- _YOUR OBJECTIVE_
What you return must match the records below character for character, except that no picture appears.

>>>

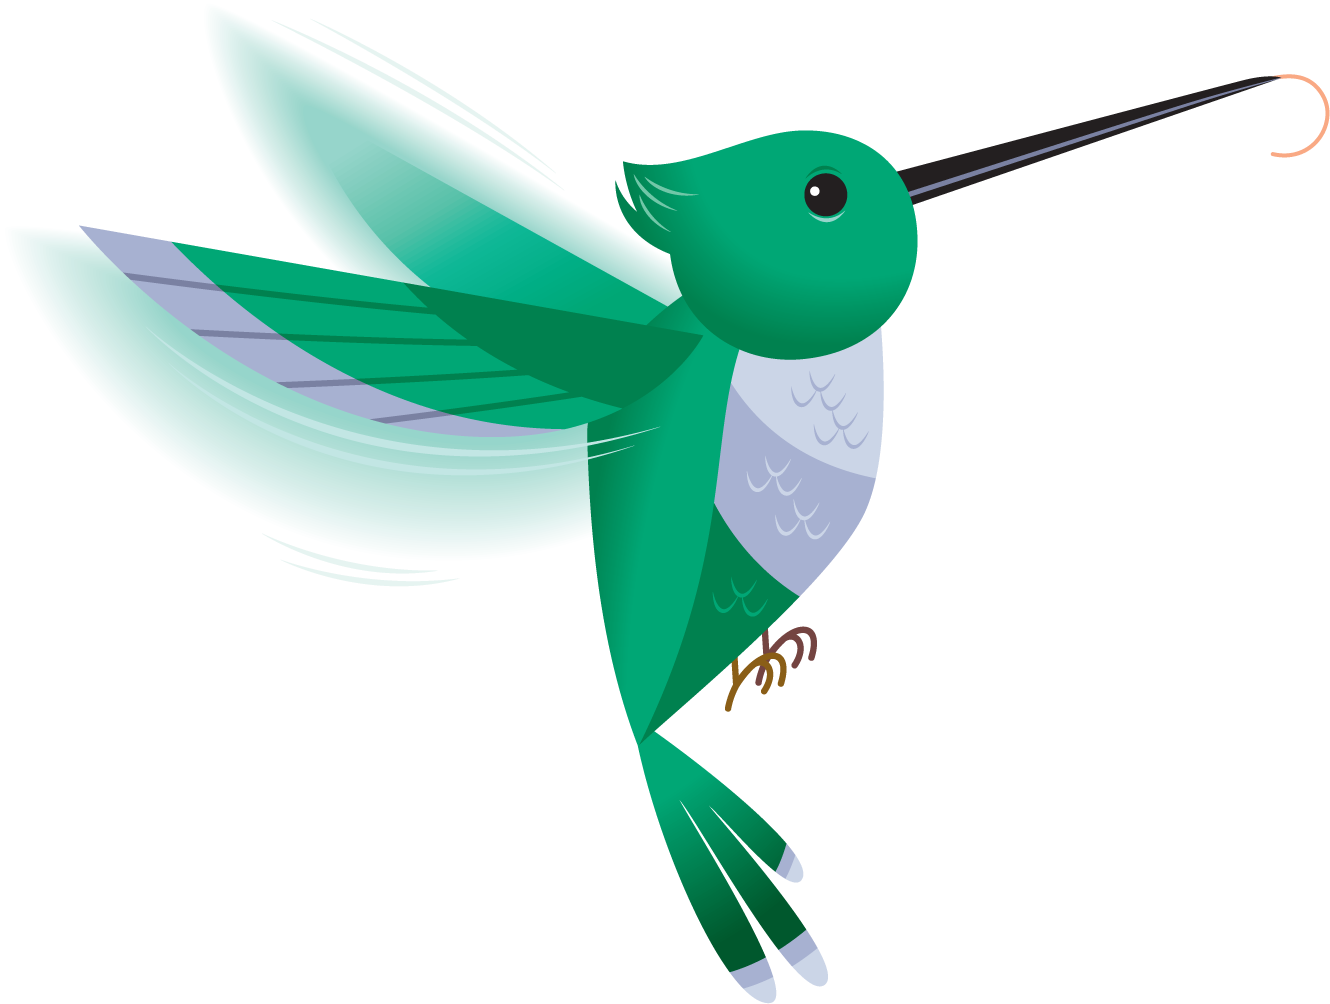 A Green Bird With A Long Beak
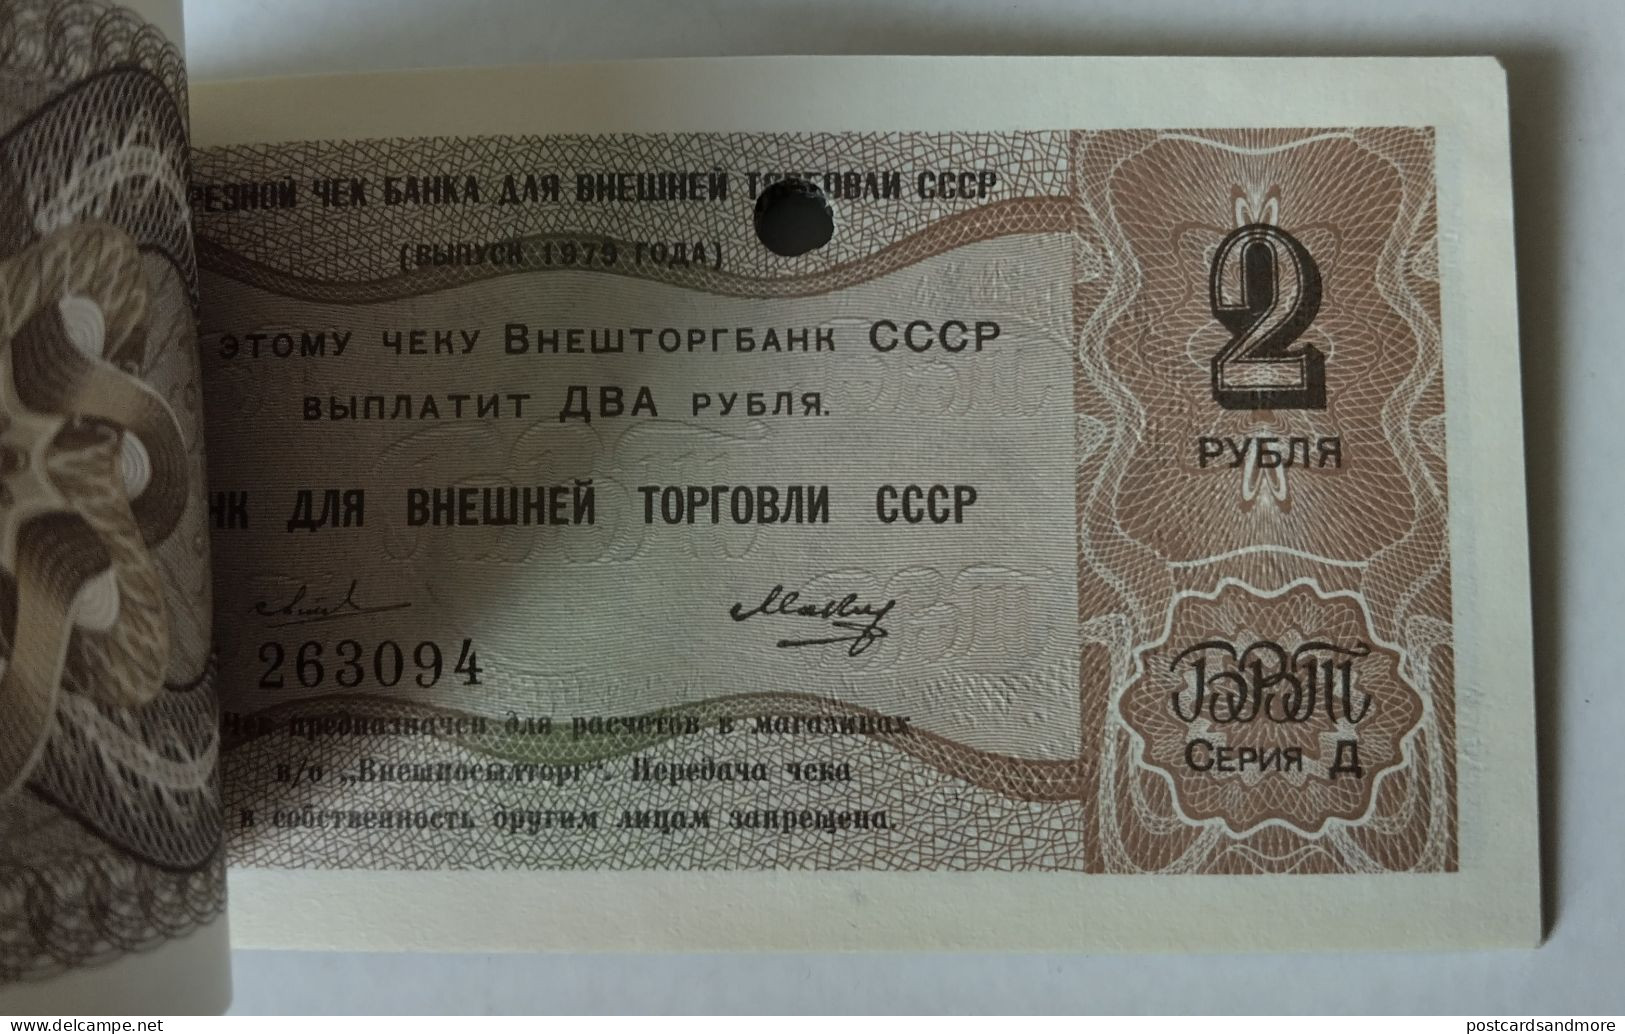 Russia Vneshtorgbank complete checkbook 36 checks 1 Kopek - 5 Rubles 1979 Series D Diplomatic checks Pick FX146d-FX154d
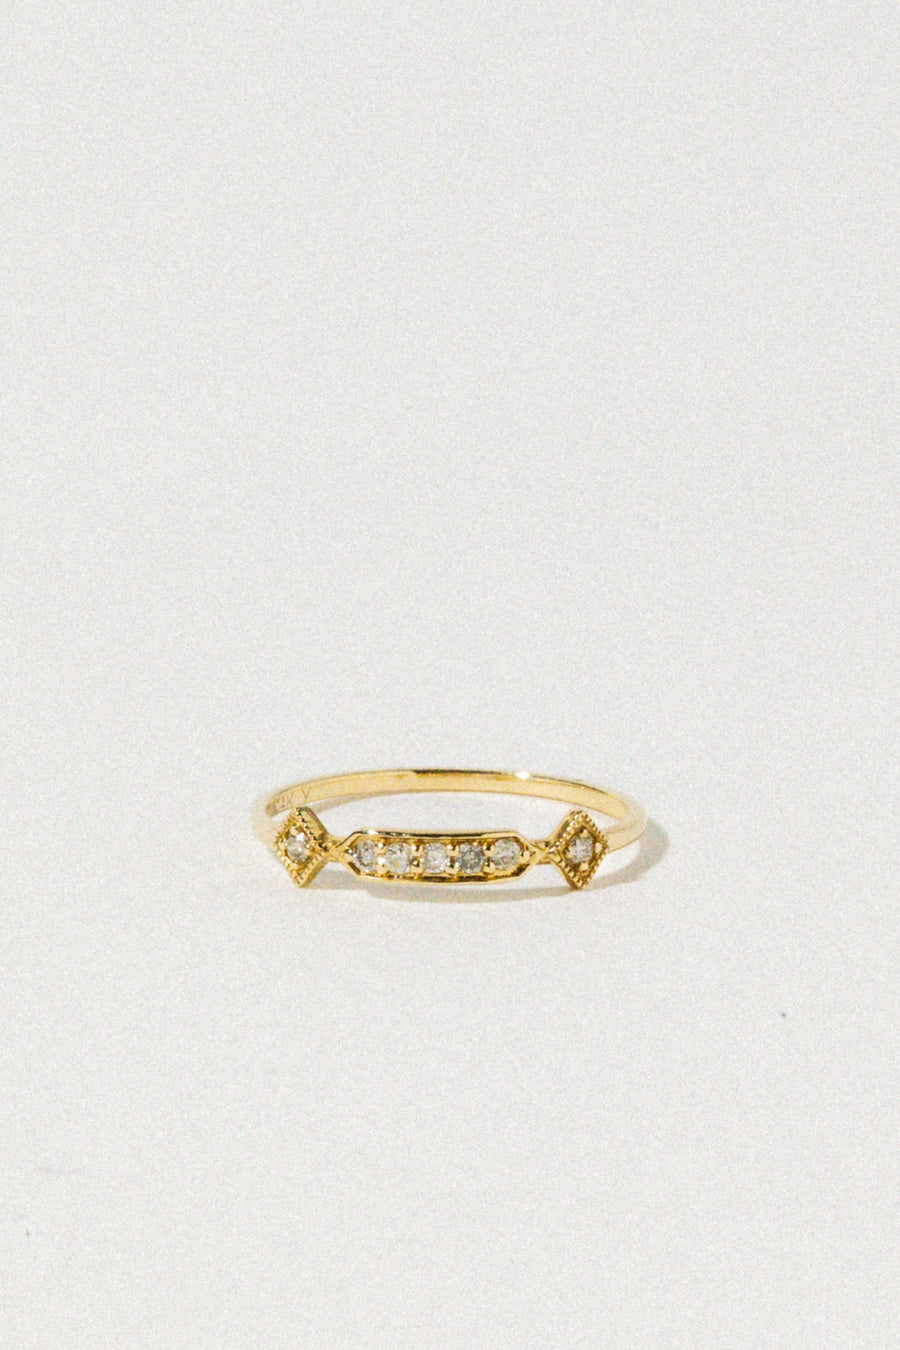 Tresor Jewelry Gold / US 6 14kt Diamond Daze Ring
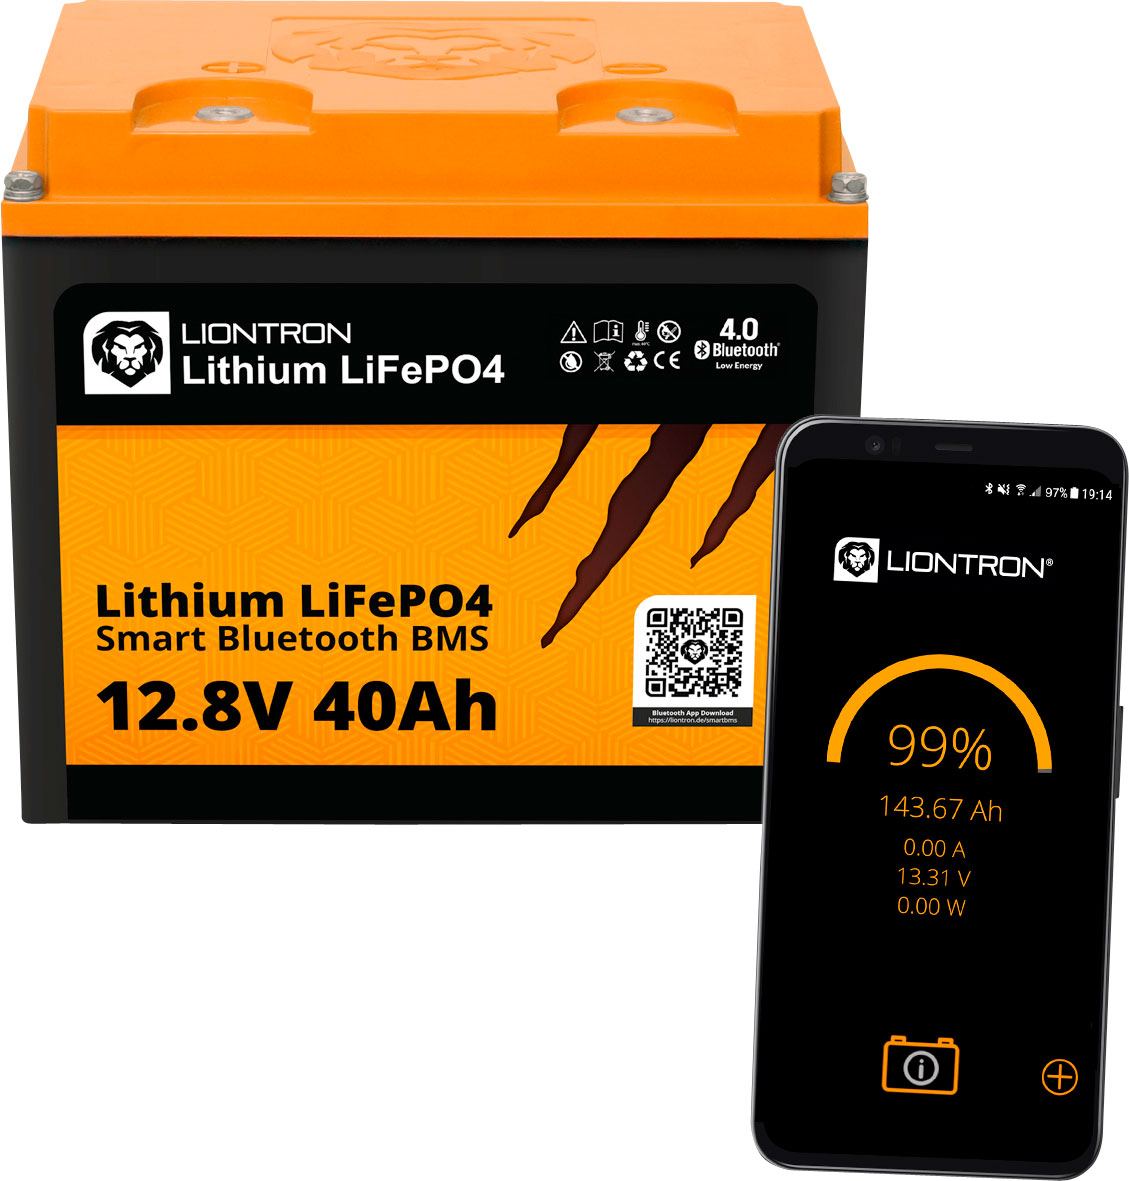 Liontron LiFePO4 Smart Bluetooth BMS Lithium-Batterie 12,8 V / 40 Ah
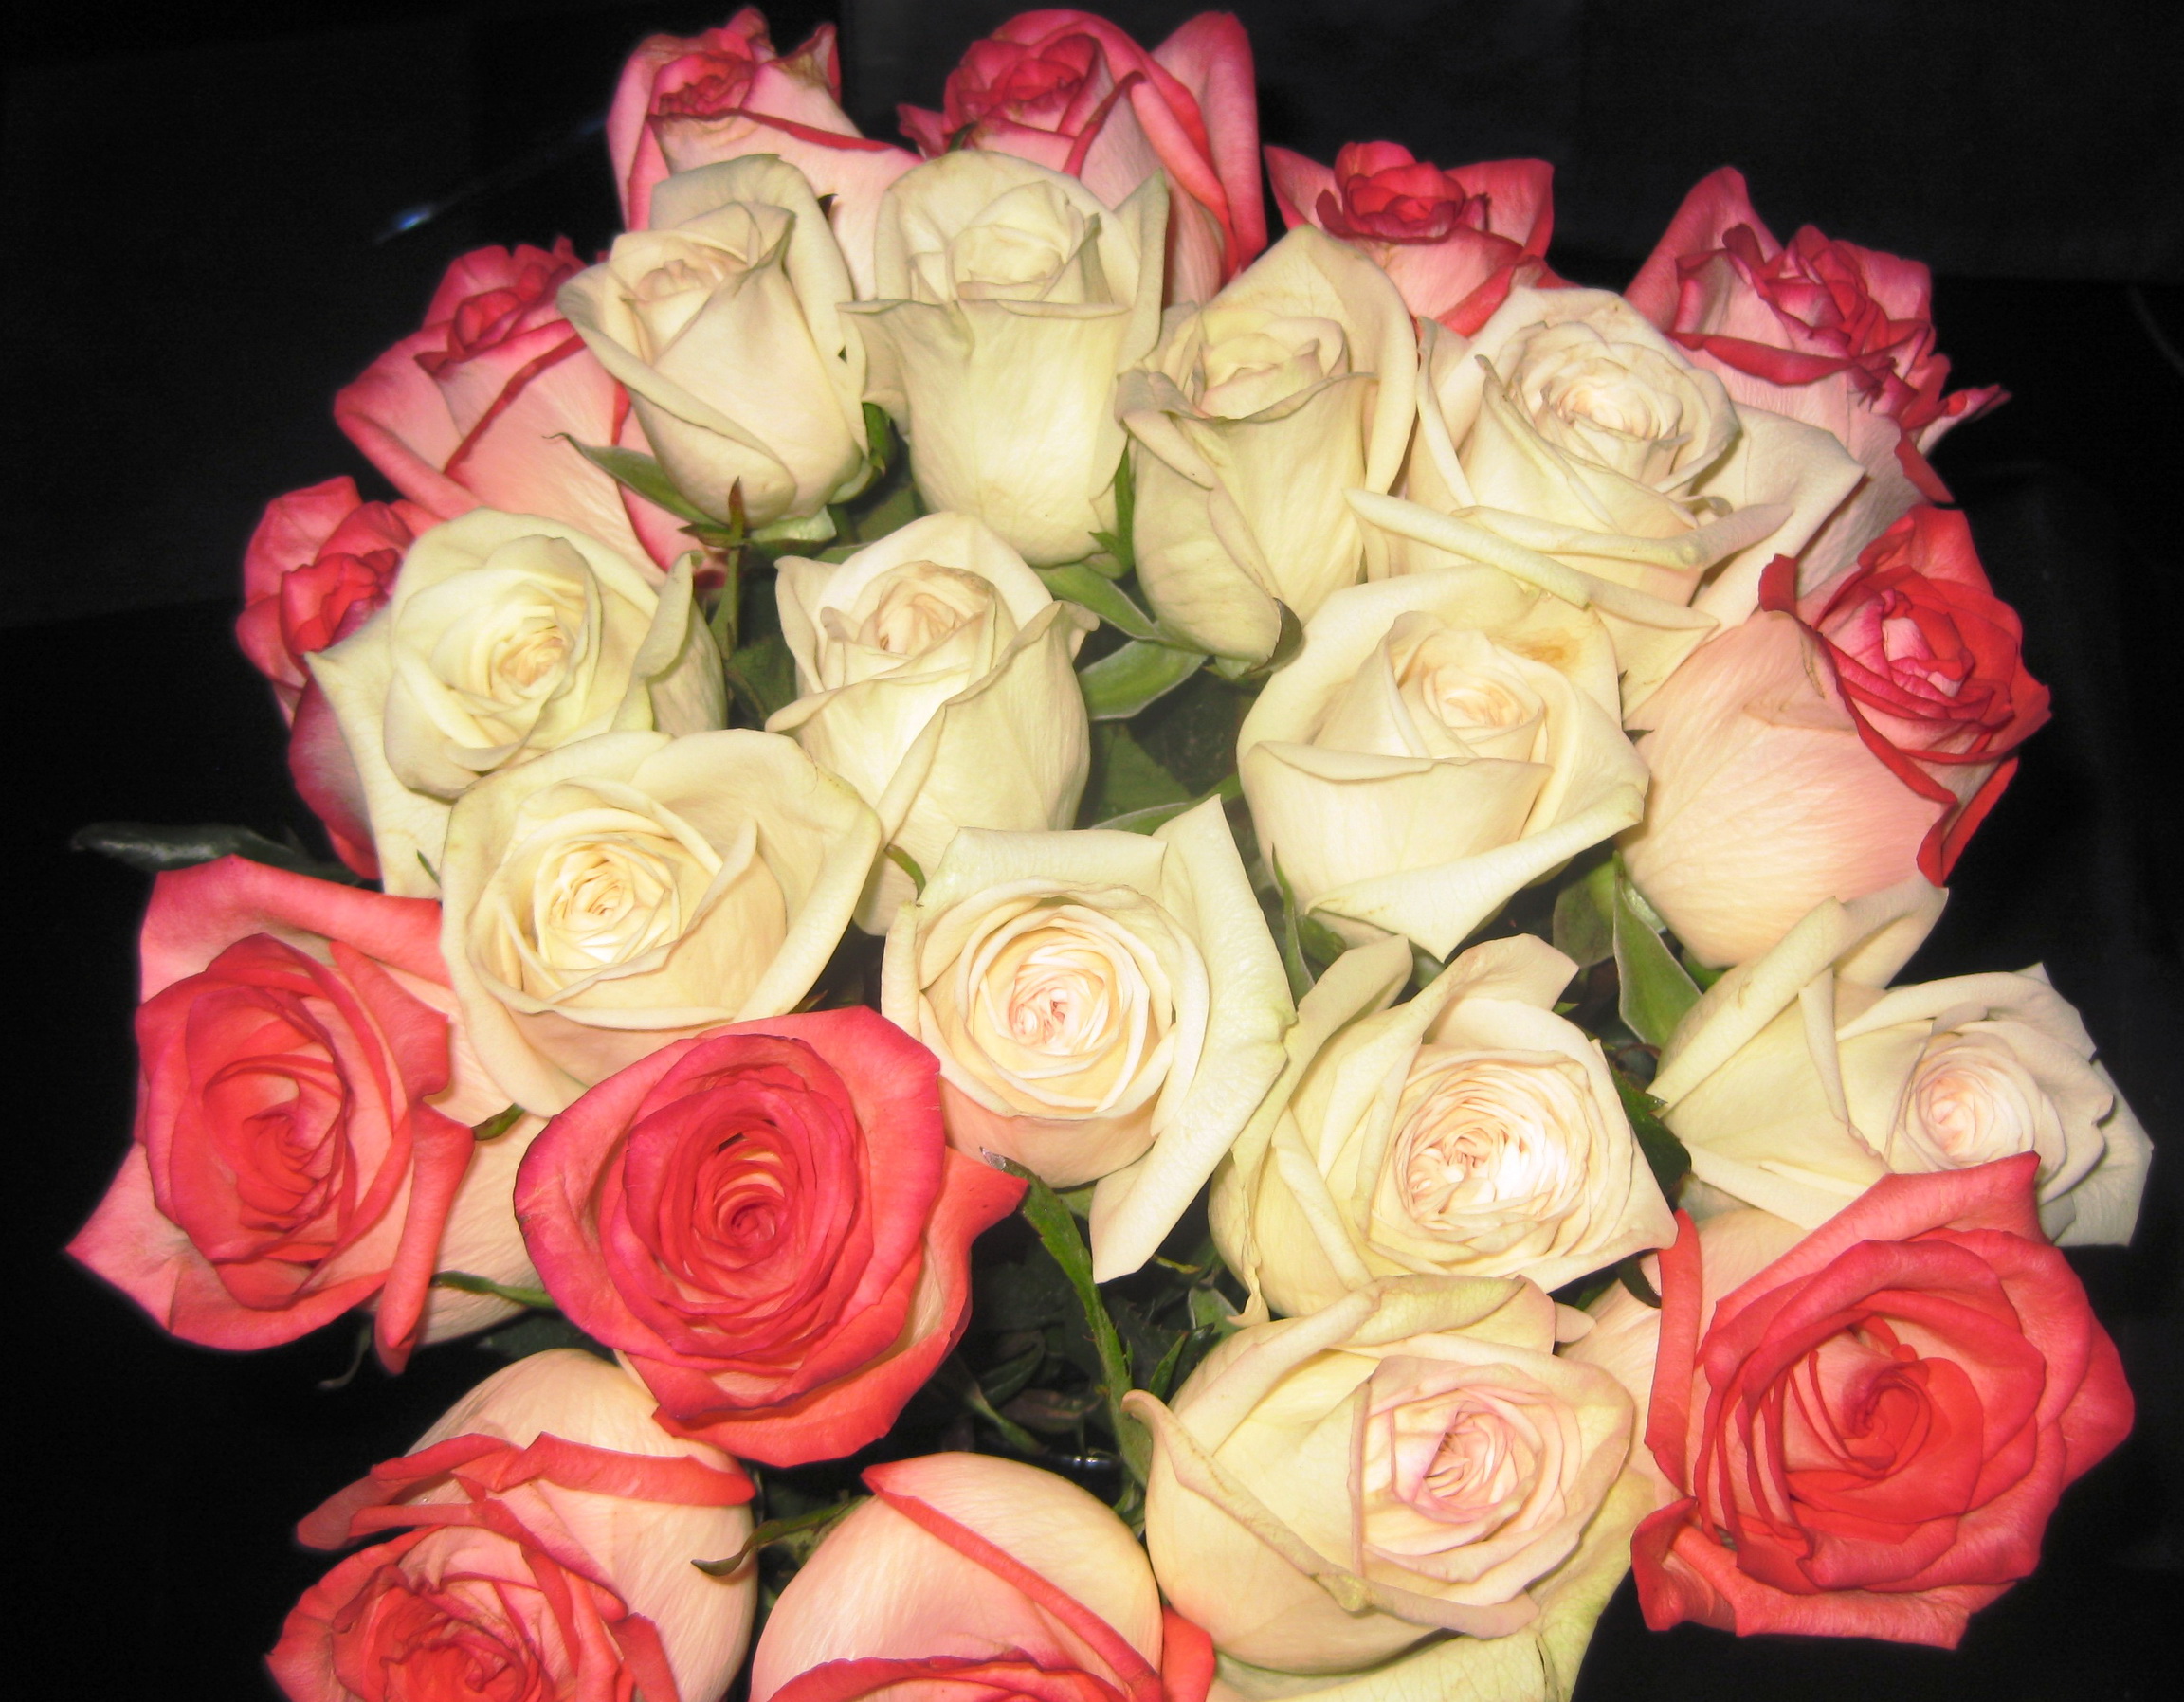 Фото реальных букетов цветов дома. Красивый букет роз. Красивый букет дома. Живые розы букет. Букет роз дома.

<<<

- _TASK ANSWER_
 A Green Bird With A Long Beak
 Russia Vneshtorgbank complete checkbook 36 checks 1 Kopek - 5 Rubles 1979 Series D Diplomatic checks Pick FX146d-FX154d
 Tresor Jewelry Gold / US 6 14kt Diamond Daze Ring
 Liontron LiFePO4 Smart Bluetooth BMS Lithium-Batterie 12,8 V / 40 Ah
 Фото реальных букетов цветов дома. Красивый букет роз. Красивый букет дома. Живые розы букет. Букет роз дома.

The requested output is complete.